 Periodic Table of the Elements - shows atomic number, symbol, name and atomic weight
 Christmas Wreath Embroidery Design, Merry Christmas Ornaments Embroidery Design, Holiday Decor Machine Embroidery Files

==

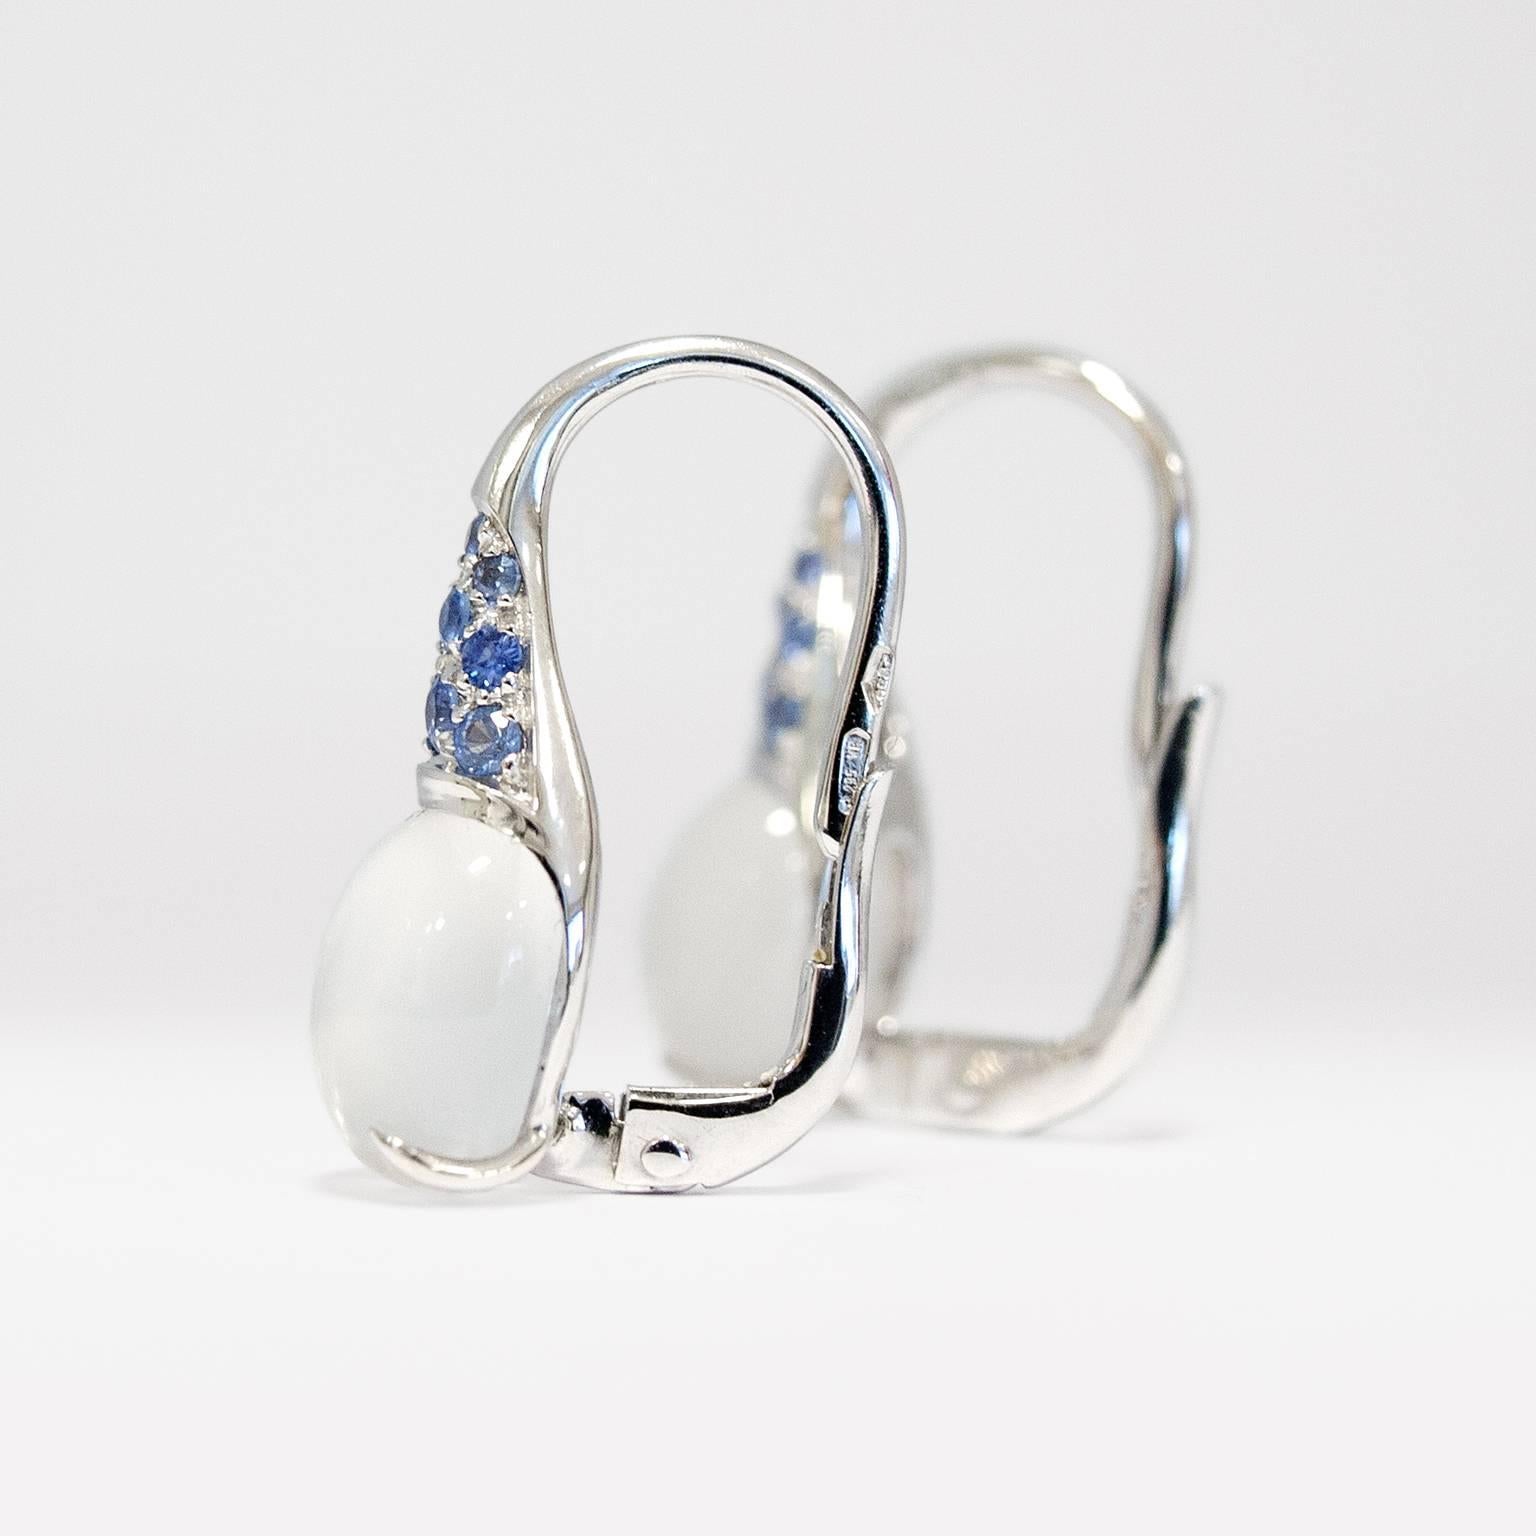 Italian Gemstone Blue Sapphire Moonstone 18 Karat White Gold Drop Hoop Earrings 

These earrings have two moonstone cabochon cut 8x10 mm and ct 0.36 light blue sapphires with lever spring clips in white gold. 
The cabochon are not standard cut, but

...

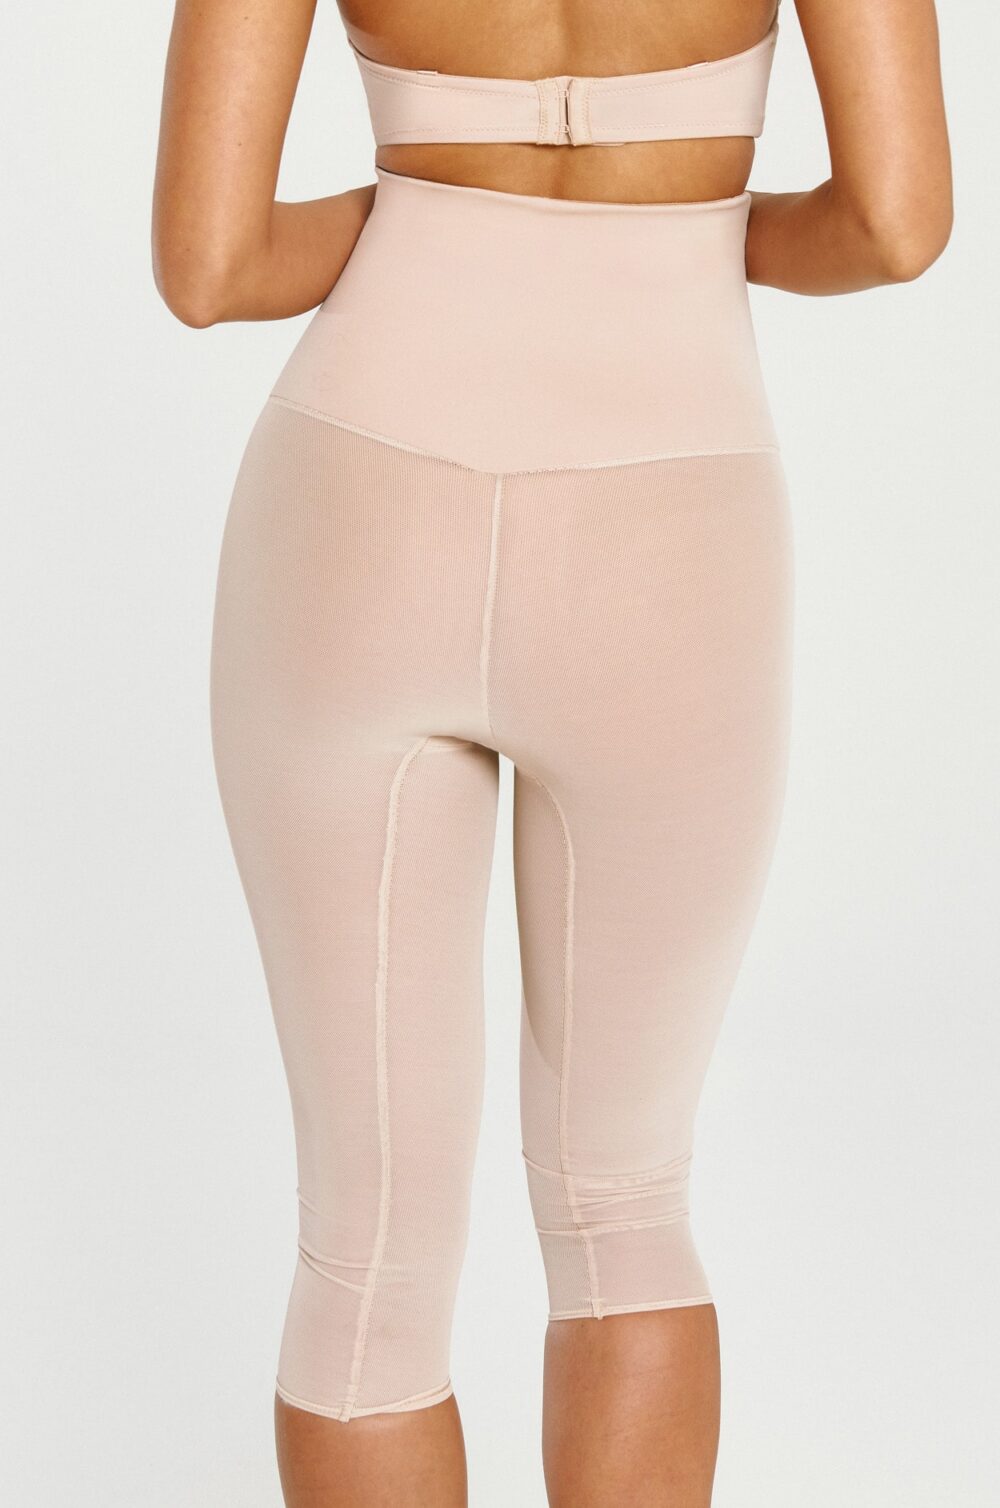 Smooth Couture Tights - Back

Goal of the exercise:
Wherever the line holding "Periodic Table of" falls in the entries above, copy exactly from it through the line holding "Christmas Wreath Embroidery", inclusive, and add nothing.

Result of the exercise:
 Periodic Table of the Elements - shows atomic number, symbol, name and atomic weight
 Christmas Wreath Embroidery Design, Merry Christmas Ornaments Embroidery Design, Holiday Decor Machine Embroidery Files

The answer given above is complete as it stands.